Аленка положила сарафан на кровать и приняла излюбленную воинственную позу «руки в боки». Хоть и была служанкой, а палец ей в рот не клади, на всё у нее свое мнение.
– Княжна, что вы нос повесили? Нас, дворовых, замуж выдают не спрашивая согласия. Вот тебе муж и живи с ним до смерти. У наших мужиков нрав горяч. Чуть что сразу кулаком уму разуму научат. А вам княжич достался образованный, красивый. Может, и бить не будет вовсе. Стерпится – слюбится.
– Да уж, – только и смогла вымолвить Рада.
Она была наслышана как живут обычные девки. Муж пьет да бьет. Большая удача, если брак заключался по любви, а не по родительскому решению. Получается, мужчиной быть проще. Мужчина всё решает и ему многое дозволено, а жена почти что рабыня.
Под невеселые мысли Рада собиралась на сватовство. Пришла Забава и пыталась развлечь сестру.
– Радка, ну чего ты грустишь? Не на похороны же собираешься.
– Я посмотрю на тебя, когда за тобой свататься придут. Например, кривой и хромой князь заморский, – буркнула Рада.
Сестра рассмеялась.
– Я выйду замуж по любви. Вот увидишь, – заявила она. – Мой муж будет смелым, красивым и богатым.
– Вот ты егоза, – воскликнула Рада и швырнула в Забаву подушкой.
Та, хохоча, увернулась и отступила к окну.
– Ох, – выдохнула она. – Радка, Белослав приехал!
Забава прижала руки к груди и во все глаза смотрела во двор. Рада и сама услышала топот копыт и ржание лошадей, громкие возгласы мужчин, скрип повозки.
Она замерла.
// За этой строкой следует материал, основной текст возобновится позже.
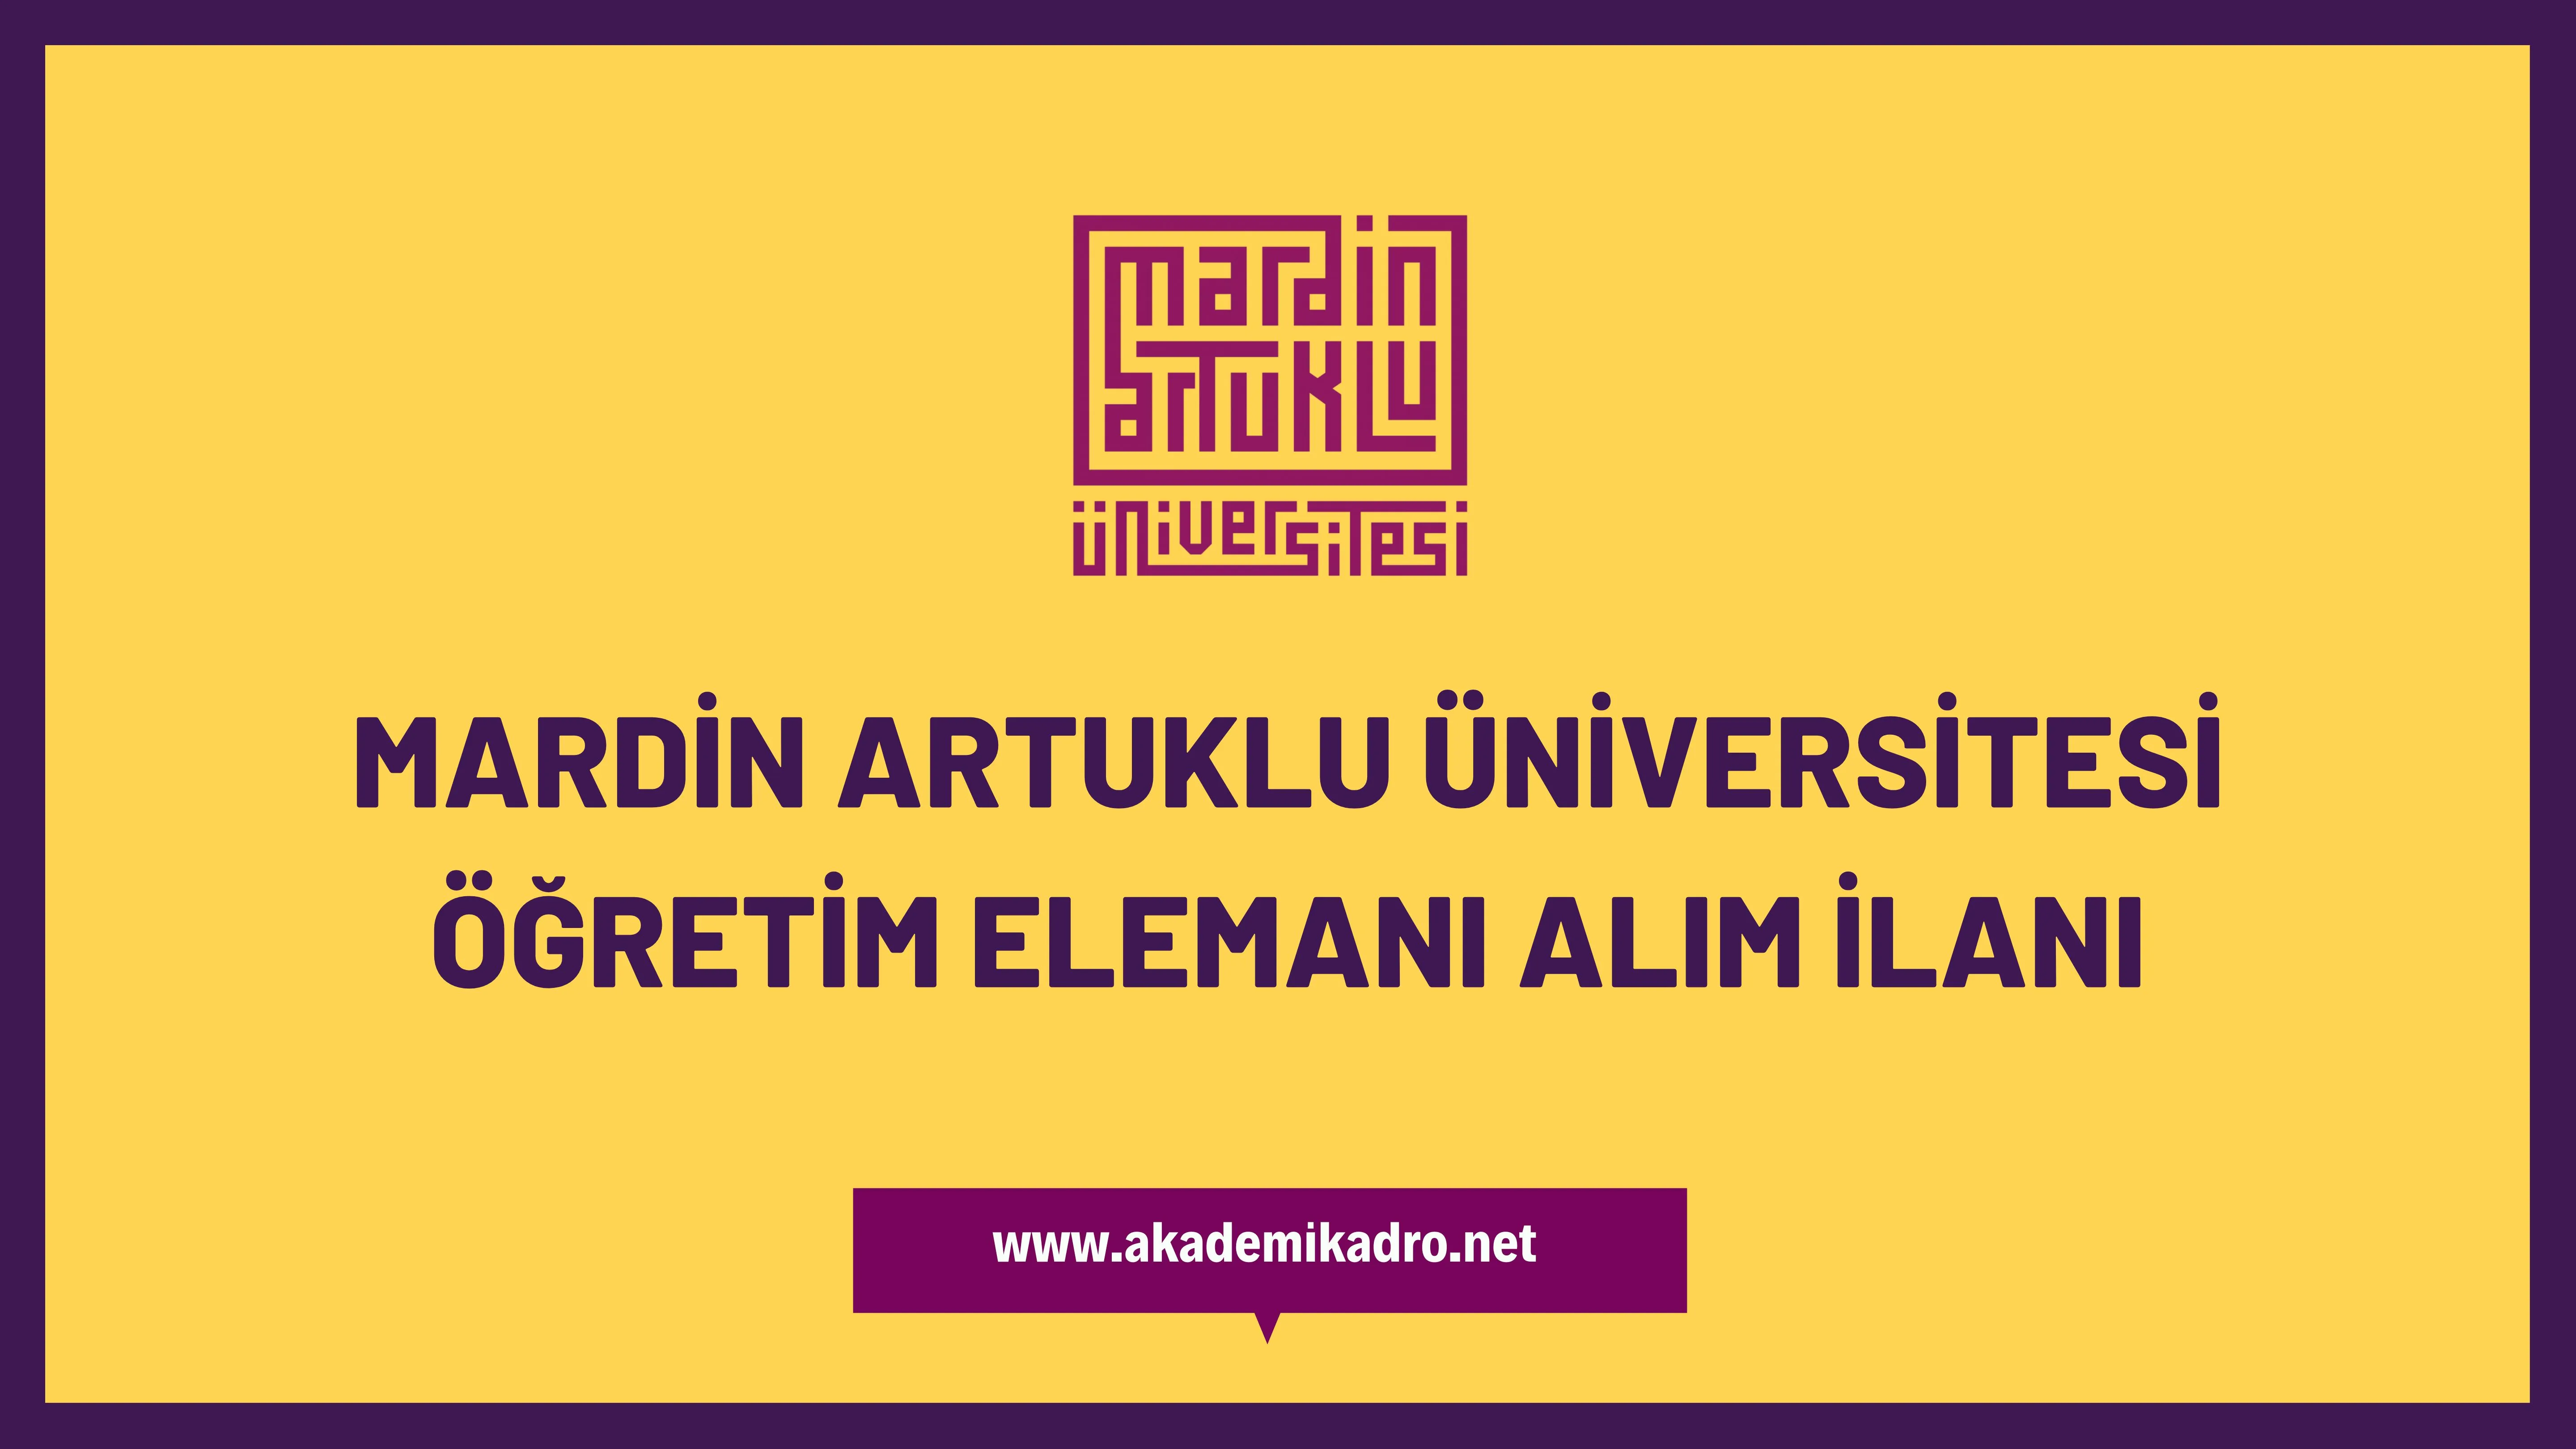 Mardin Artuklu Üniversitesi Öğretim görevlisi, 2 Araştırma görevlisi ve 13 öğretim üyesi alacak.

В один момент жизнь утекла из девушки. Лицо побледнело, пробил озноб. Рада поднялась и приблизилась к Забаве, осторожно выглядывая из-за ее плеча.
Возле терема толпились дворовые. Они окружили новоприбывших гостей. Кто-то подбежал к повозкам, чтобы разгрузить их, кто-то успокаивал лошадей, чтобы отвезти животных на конюшню.
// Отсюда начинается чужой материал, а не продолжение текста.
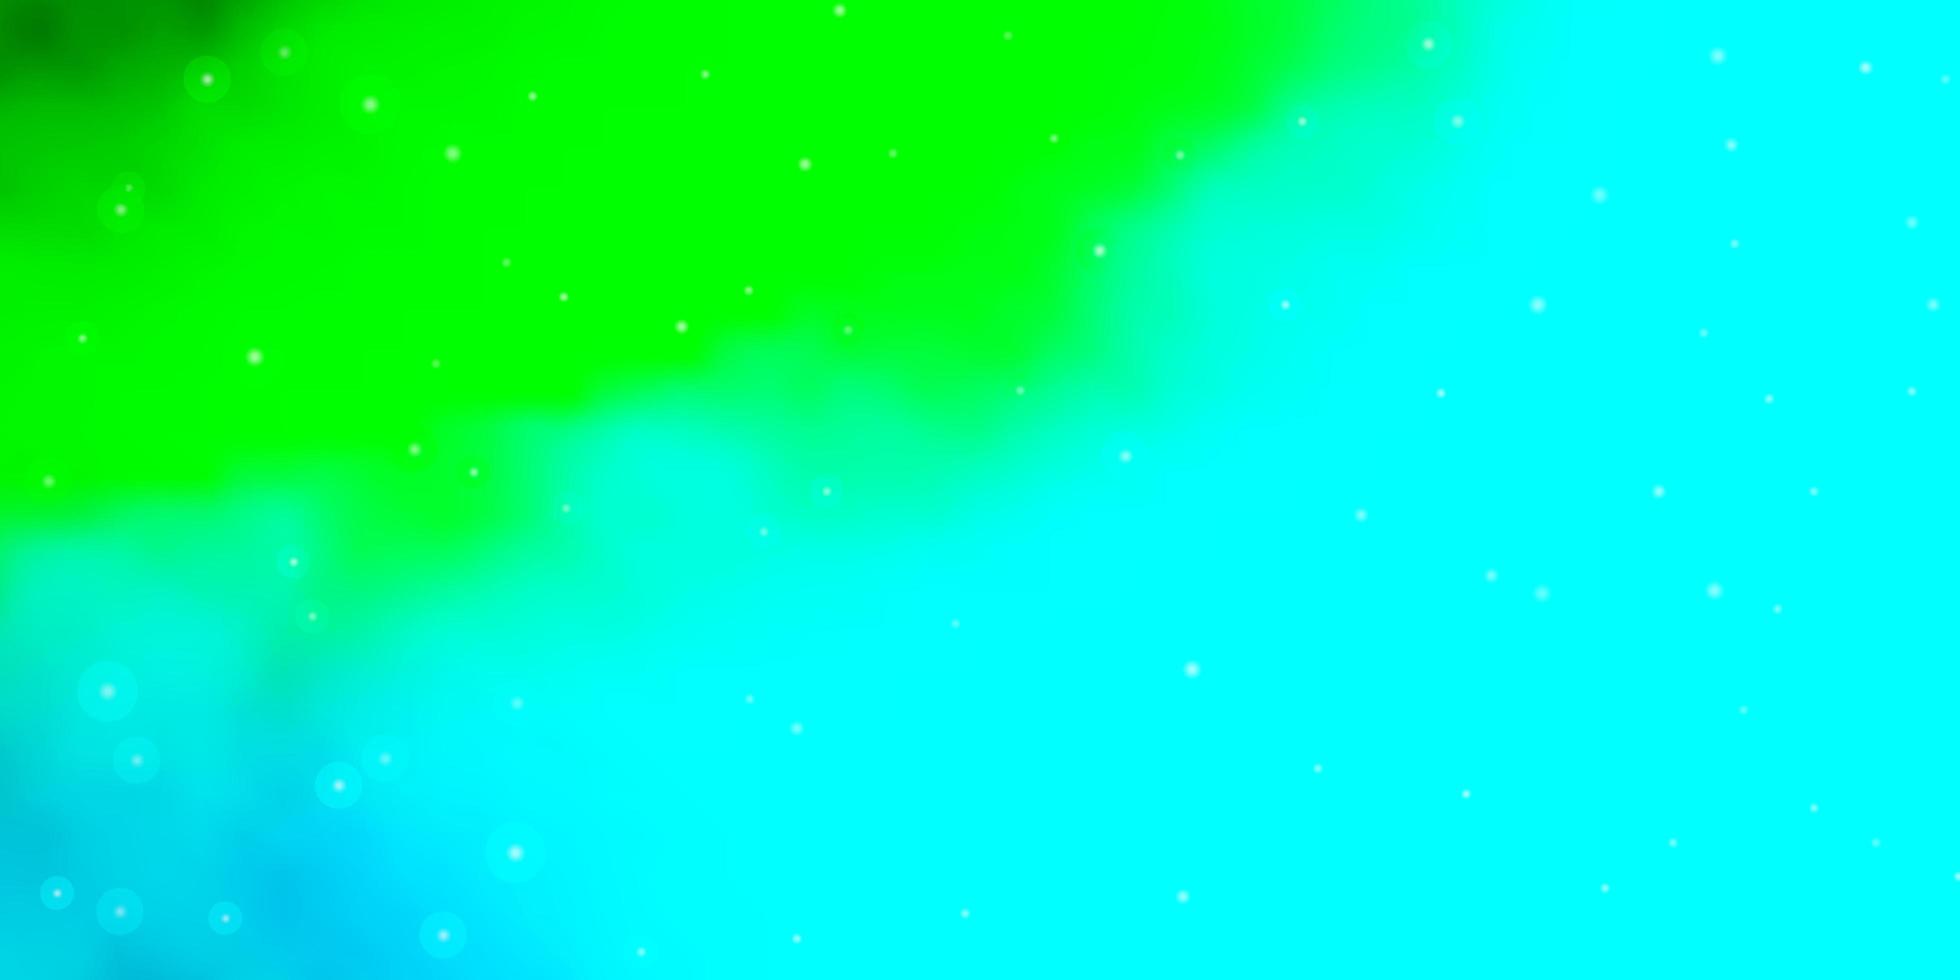 lichtblauwe, groene vectorachtergrond met kleine en grote sterren. decoratieve afbeelding met sterren op abstracte sjabloon. beste ontwerp voor uw advertentie, poster, banner. vector

Князя Белослава Рада узнала сразу. Он выделялся среди своих подданых высоким ростом, широкими плечами. Передние пряди длинных белых волос были собраны на затылке. Одет княжич был во всё черное. На груди у него сверкнула золотая фибула с рычащим волком, удерживая дорожный плащ.
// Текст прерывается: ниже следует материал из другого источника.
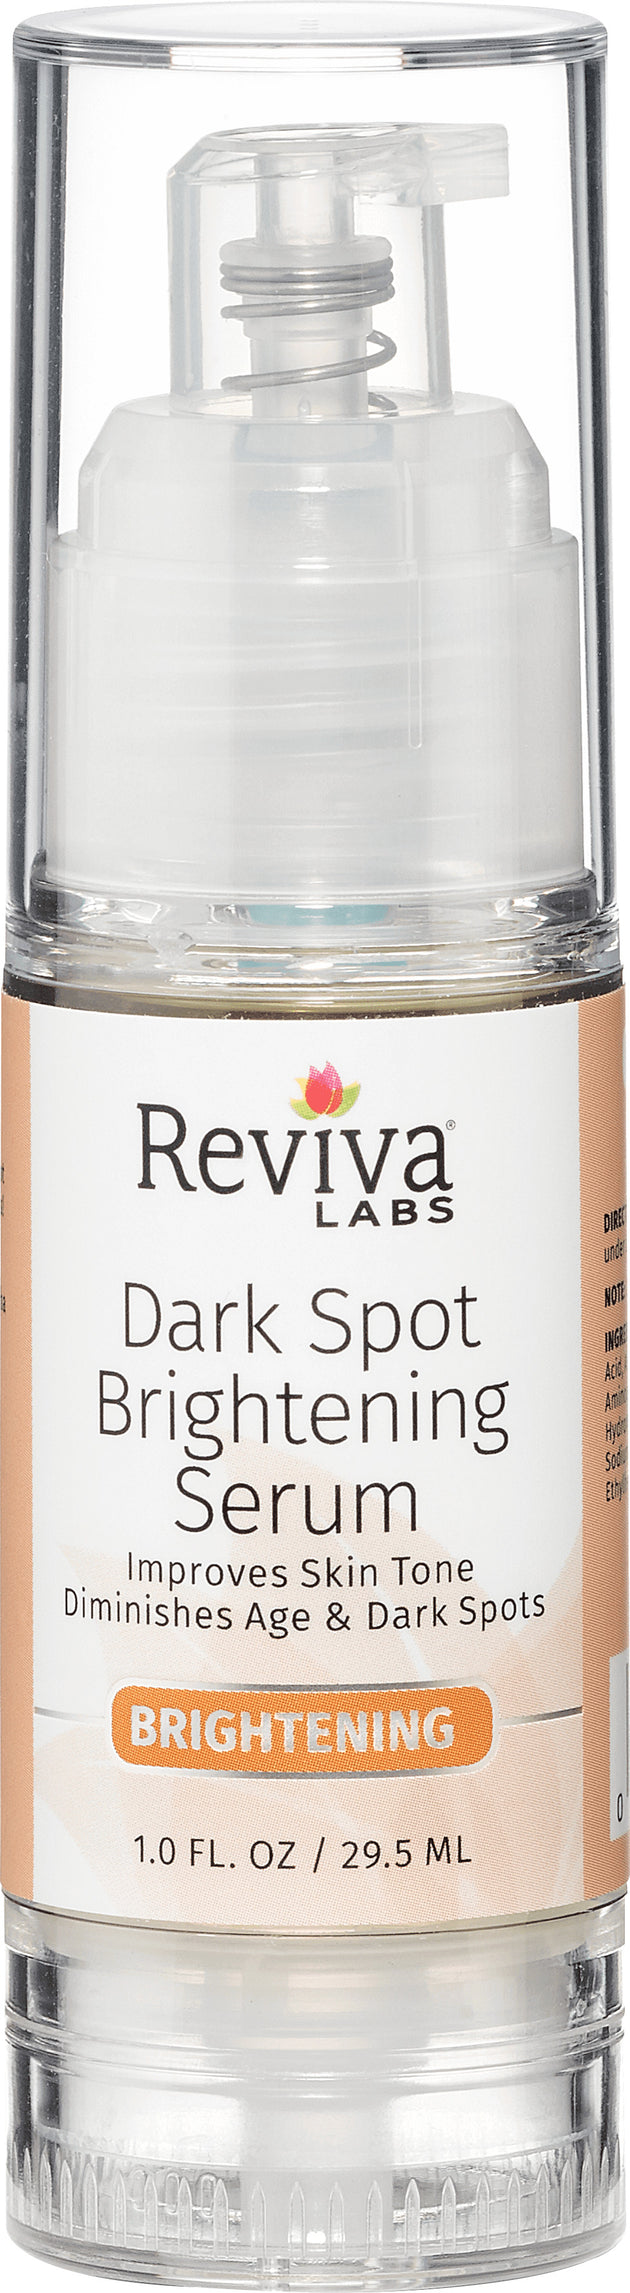 Dark Spot Brightening Serum, 1 Fl Oz (29.5 mL) Serum , 20% Off - Everyday [On]

Раду волновали глаза. Белые они или нет?
– Какой он красивый, – выдала Забава. – Настоящий княжич. Дикий волк.
Рада недовольно хмыкнула. Она старалась скрыть неистовое волнение от появления Белослава. Пальцы дрожали, внутри разливалось противное ощущение беспомощности и страха. Рада мечтала удрать в лес, лишь бы не встречаться с волчьим князем.
– Может, сама выйдешь за него замуж? – предложила девушка сестре.
– Батюшка не разрешит, – ответила Забава. – Тебя обещали. Но я надеюсь, что у Белослава есть братец.
– Тебе он правда понравился? – удивилась Рада. – У него же глаза пустые и белые.
Забава снова посмотрела в окно.
– Скоро мы это узнаем.
Глава 4
Чарогорье. Месяц Червень. 648 год от Сотворения Мира.
Яр сидел в чародейской кормче, облокотившись на грязную столешницу и смотрел перед собой пустыми глазами. От крепкой браги гудела голова, тем более несколько ночей он вообще не спал – убивал мертвяков, которые завелись в одной из ближайших деревень.
От одежды воняло гнилью и потом, но сил добраться до избы, чтобы помыться и переодеться совсем не осталось. Яр словно прирос к лавке.
– Здорово, – хлопнул его кто-то по плечу и сел рядом.
Яр обернулся. Это оказался Дарко, друг чародея. Он был высоким, крепкого телосложения, с золотистыми волосами, хитрыми глазами и горбатым носом, сломанным не один раз во время сражений с нечистью или просто в пьяной драке.
– Я думал, ты упырей гоняешь по лесам, – сказал Яр, подливая себе еще браги и показывая бутыль Дарко, спрашивая будет ли он. Тот кивнул и жестом подозвал хозяина.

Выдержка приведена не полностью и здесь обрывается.